Posted 2018-02-28T08:10:42.990

Reputation: 1 944

1

Yabasic, 125 bytes

An solution that uses graphics mode to print the characters at the correct column and row of the screen.

Input""n
Clear Screen
For i=-n To n
For j=1To Abs(i)
k=i>0
?@(i+n-k,(i^2-i)/2+j-2*j^(!k)+k)Chr$(c+65)
c=Mod(c+1,26)
Next
Next

Because this solution uses graphics mode, it cannot be executed on TIO.

Output

Below is the output for input 7

Program Output (n=7)

Taylor Scott

Posted 2018-02-28T08:10:42.990

Reputation: 6 709

1

QBasic 1.1, 124 bytes

Takes input and shoots a cannon. Due to screen size limitations, \$n\$ must be \$\leq 6\$.

INPUT n
CLS
FOR i=-n TO n
FOR j=1TO ABS(i)
k=i>0
LOCATE(i^2-i)/2+j-2*j^-(k=0)-k+1,i+n+k+1
?CHR$(c+65)
c=(c+1)MOD 26
NEXT j,i

Taylor Scott

Posted 2018-02-28T08:10:42.990

Reputation: 6 709

1

Python 3, 190 bytes

j,r,c,s=int(input()),range,[],[];a=(j+1)*j;b=a//2
for i in r(j):k=i+1;c.extend([j-k]*k)
for i in r(a):s+=chr(ord('A')+(i%26))
for i in r(b):print(' '*c[i]+s[b-i-1]+' '*(2*(j-c[i]-1))+s[b+i])

Try it online!

I tried my best.
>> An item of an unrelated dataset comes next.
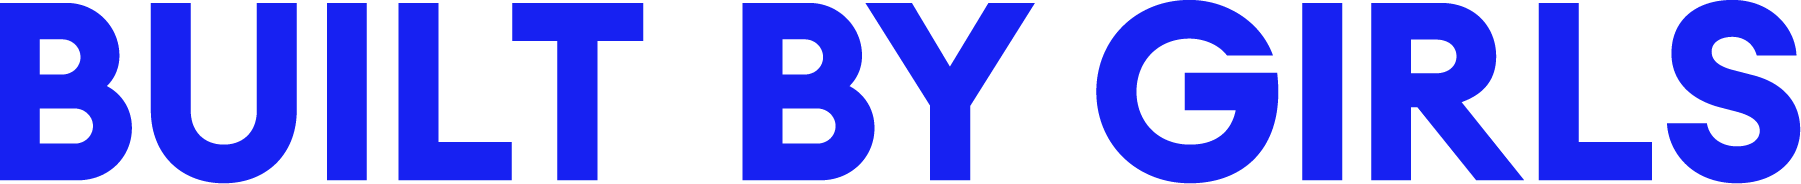 BuiltByGirls_Wordmark_Blue_Large.png

Let me know if any optimisations are possible.

Koishore Roy

Posted 2018-02-28T08:10:42.990

Reputation: 1 144

1

k4, 76 71 bytes

{+|:'p$(-k,|k:+\l)$(x#b),|:'x_b:(i:-1_0,+\l,|l)_a:(2*p:+/l:|1+!x)#.Q.a}

some rearranging+assignments to save 5 bytes


{+|:'(+/l)$(-k,|k:+\l)$(x#i_a),|:'((-x)#i:-1_0,+\l,|l)_a:(2*+/l:|1+!x)#.Q.a}

half-hour effort with some effort to shave off a few bytes, but there's probably much more that can be done here. will come back to it. fun challenge!